Achalasia-Microcephaly Syndrome

Clinical Features

Williams et al. (1978) described 3 sisters and a brother with microcephaly, mental retardation, and early onset of symptoms of achalasia. The brother, who died in Mexico at age 4.5 years, had recurrent vomiting (Dumars et al., 1980). The parents denied consanguinity but came from the same small village in Mexico. Hernandez et al. (1989) stated that 2 of the affected sibs in this family had initially been reported by Polonsky and Guth (1970) as having familial achalasia (200400).

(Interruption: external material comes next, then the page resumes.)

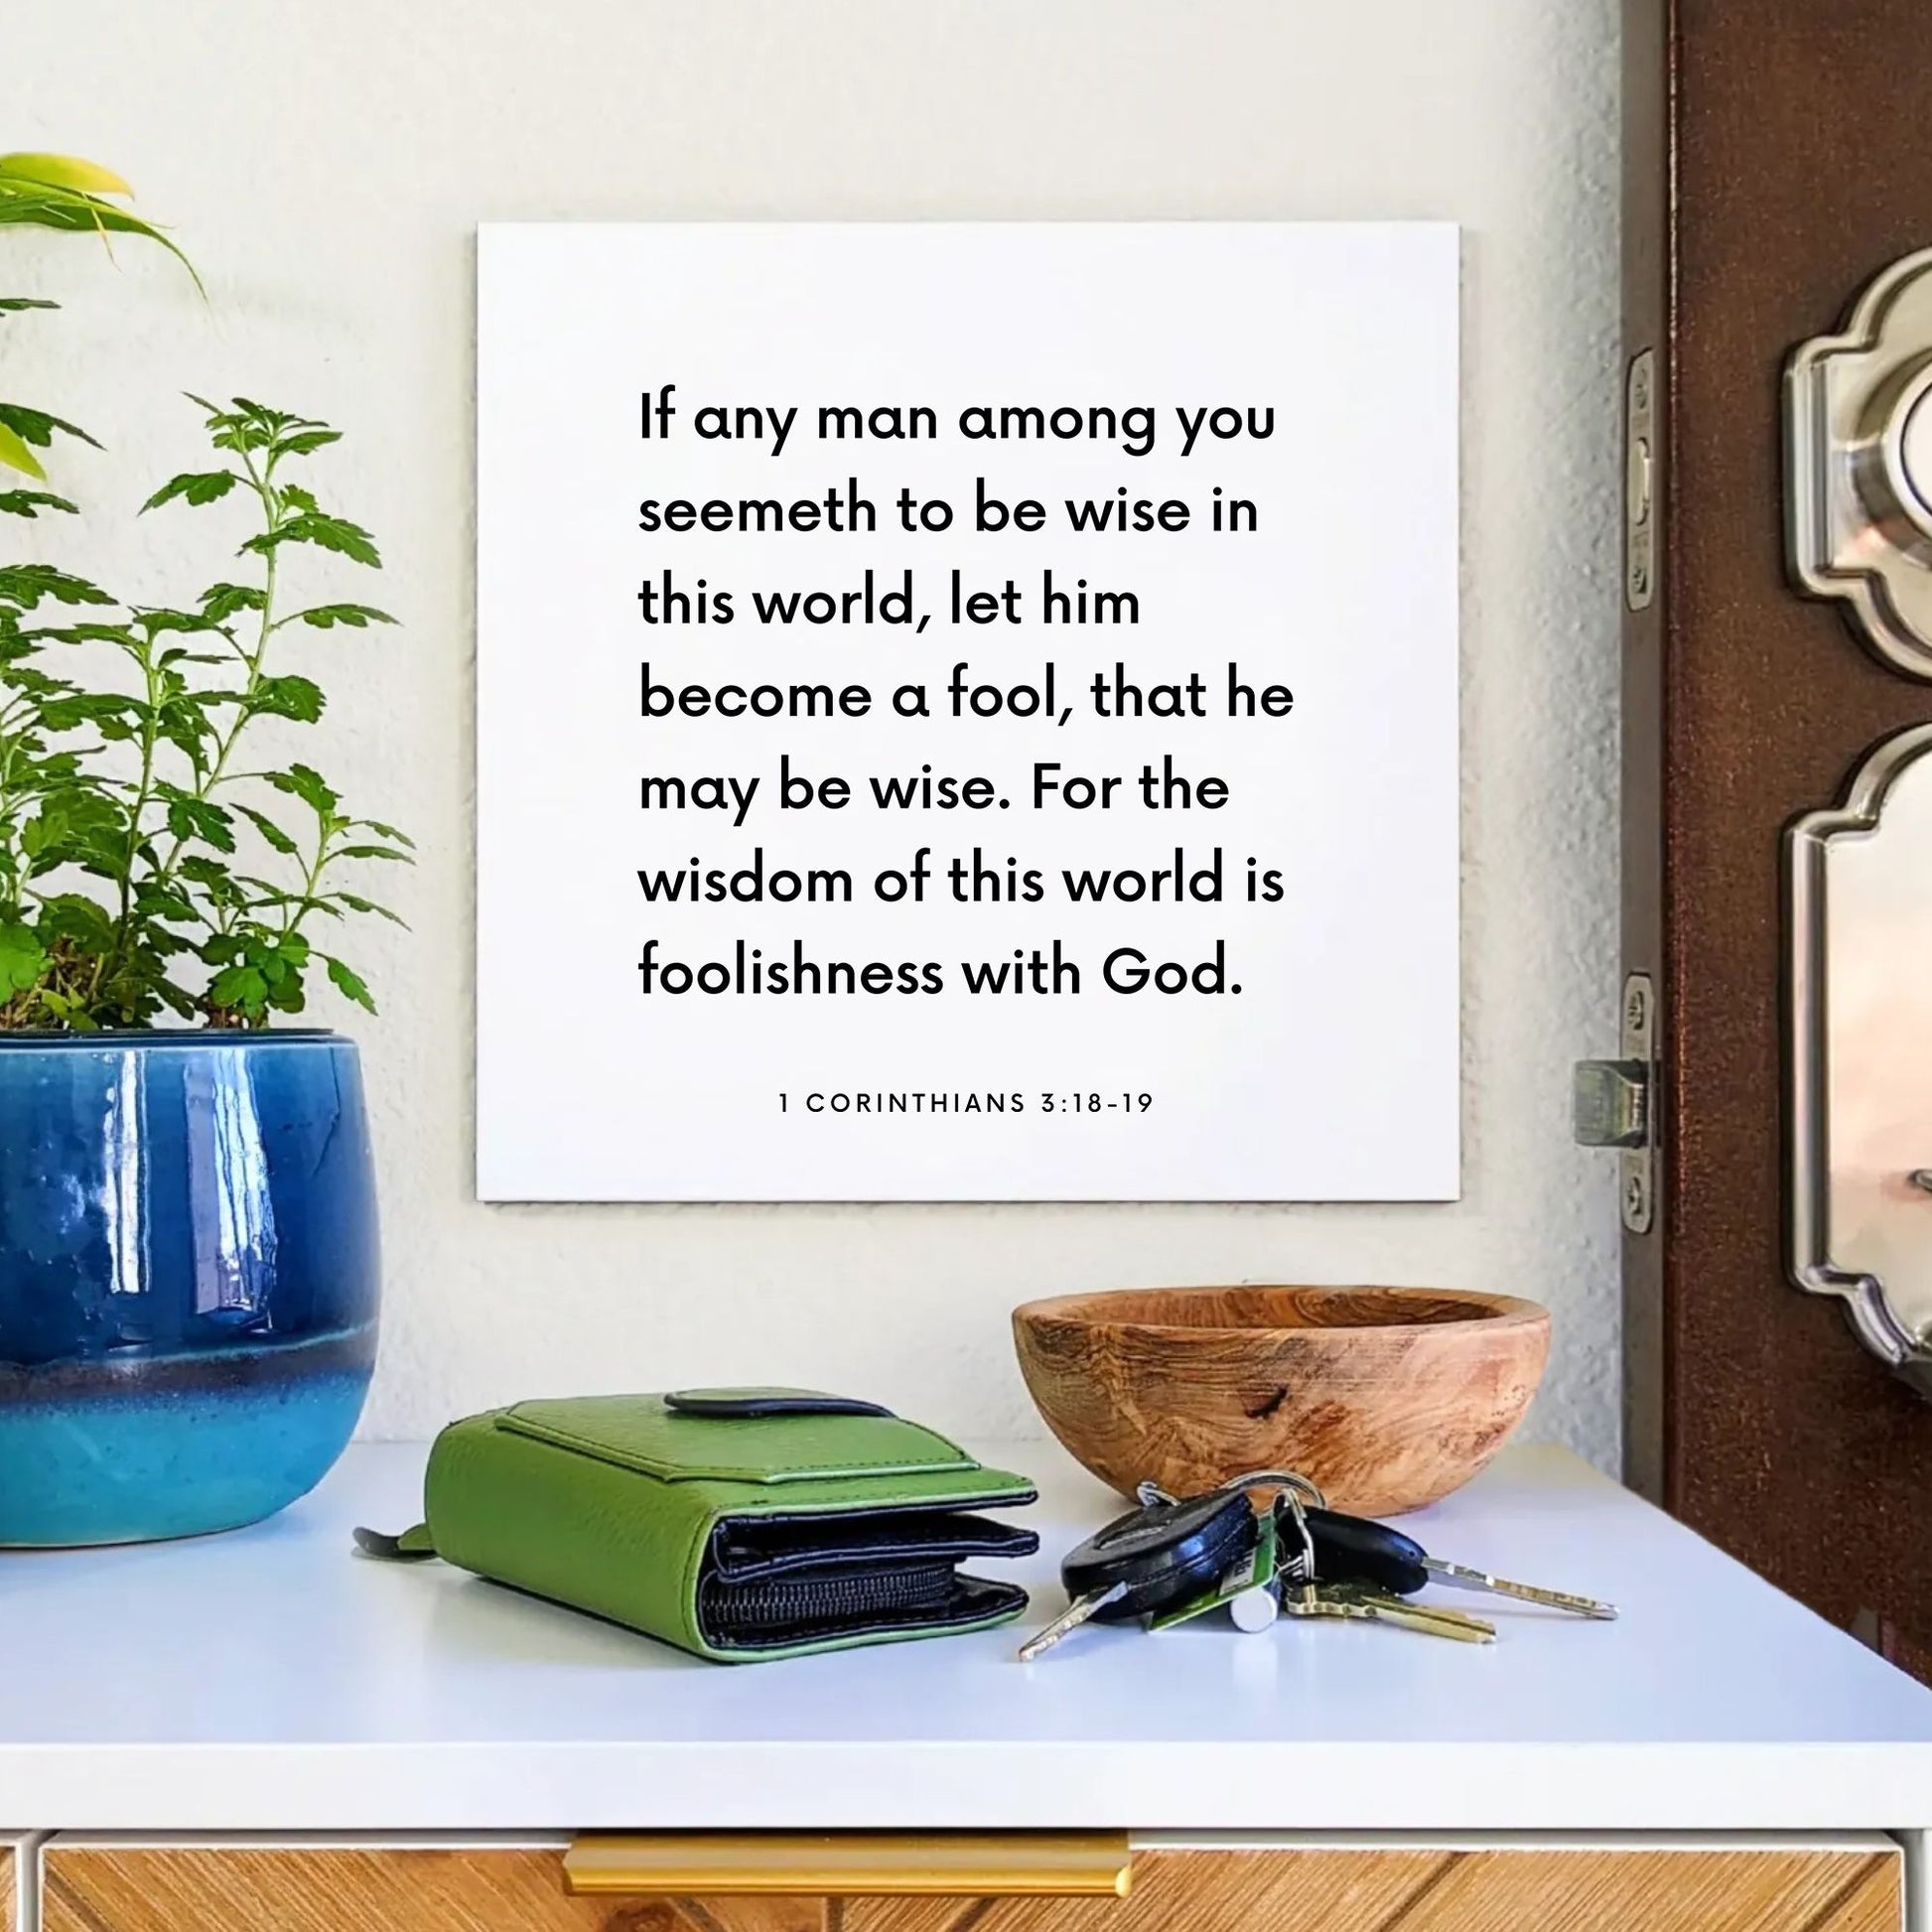 Entryway mouting of the scripture tile for 1 Corinthians 3:18-19 - "The wisdom of this world is foolishness with God"

Khalifa (1988) reported 2 Libyan brothers, aged 7 and 9 years, with achalasia of the cardia, microcephaly, and mental retardation. Their parents were first cousins and were unaffected. Two other male sibs and a female twin of one of the affected brothers were also unaffected.

Hernandez et al. (1989) reported an affected boy born to second-cousin Mexican parents who came from the same area of northwest Mexico as the patients reported by Dumars et al. (1980).

Wafik and Kini (2017) reported a 6-year-old girl, born to second-cousin Pakistani parents, with achalasia cardia, microcephaly, and intellectual disability. She was noted to have partial synophrys, a hirsute back, and unilateral convergent squint.

Inheritance

Consanguinity in the families reported by Khalifa (1988), Hernandez et al. (1989), and Wafik and Kini (2017) suggests autosomal recessive inheritance.